5 US Attorney’s Office, Southern District of New York, ‘Lithuanian Man Sentenced To 5 Years In Prison For Theft Of Over $120 Million In Fraudulent Business Email Compromise Scheme’ (Press Release, 19 December 2019).
6 On occasion, the entire transaction has been fabricated by the attackers, with middle management duped into transferring money on supposed instructions from the top executives: Pathe News BEC.
7 sales@vendorfirm.com.biz vs sales@vendorfirm.com.au, for example.
8 The measures taken to protect the Transferee’s systems were the subject of evidence in both Mobius and Factory Direct. Deficiencies were noted, but in both cases it was noted that the evidence did not establish substantial lack of care. Reading between the lines in Mobius, if the cybersecurity standard had been egregiously poor the Court may have been inclined to find at least a basic duty to take care on the part of the Transferee. See comments on this point at [145]-[147].

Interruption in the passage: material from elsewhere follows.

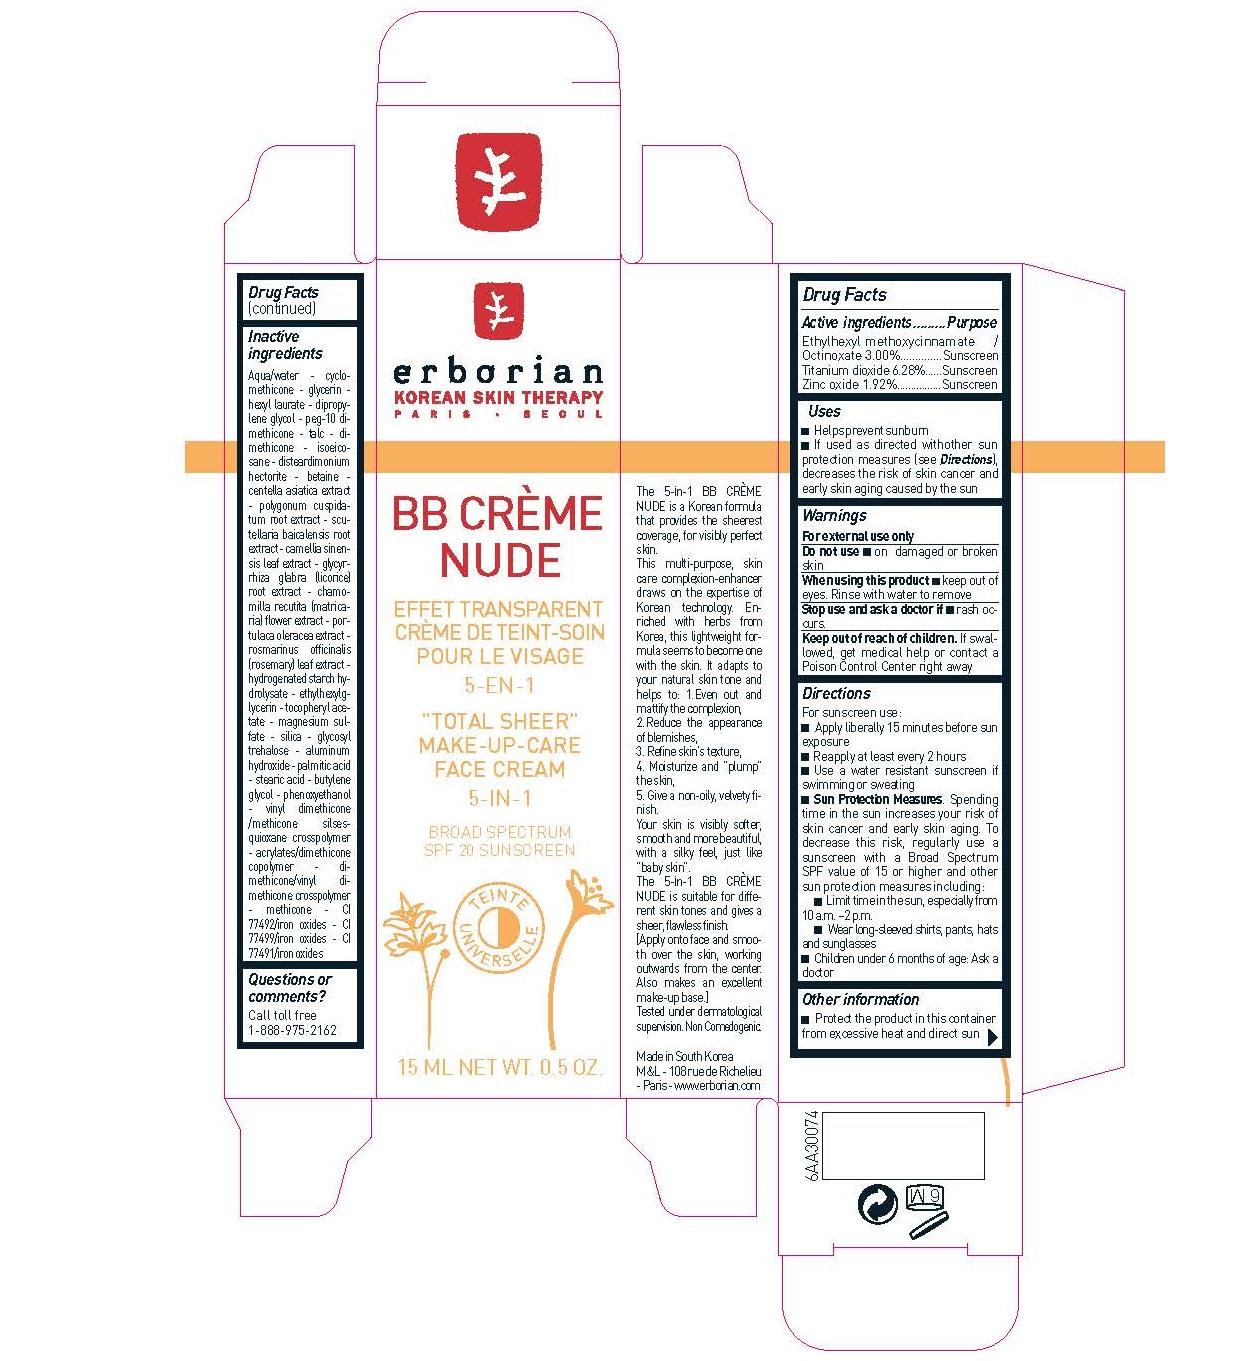 DailyMed - ERBORIAN - BB CREME NUDE SPF20- octinoxate

9 And yes – they really should have been called “We import stuff and sell it to you for a markup fencing”
10 See Woolcock St Investments v CDG Pty Ltd [2004] HCA 16; Caltex Refineries (Qld) Pty Ltd v Stavar [2009] NSWCA 258, [101]-[103] for a list of considerations that apply to finding a general / novel duty to avoid foreseeable risk.
11 See National Australia Bank v Hokit (1996) 39 NSWLR 377, 391 (Mahoney P), Factory Direct Fencing Pty Ltd v Kong AH International Company Ltd [2013] QDC 239, [125].
12 In the case of a law firm insured by Lexon, the timing and format of such warnings is specified in the Conveyancing Protocol. It may be wise to include it in the contract of retainer as well. For the reasons that real time communication (rather than reliance on recorded messages), see David Bowles, ‘Hackers have a new weapon’, QLS Proctor (online, 20 August 2024).
13 Queensland Law Society, Australian Solicitors’ Conduct Rules (at 27 September 2024) r 9.
14 Phillipp v Barclays Bank UK Plc [2023] UKSC 25.
15 See for example AFCA determination 12-00-1016692 in which the fact that the customer passed authorisation codes for the transfer to the scammer was ignored on the basis that they were tricked into doing so and therefore such disclosure was not “voluntary”. The case law relied upon to reach this conclusion was extraordinarily thin, but similar conclusions have been reached internationally.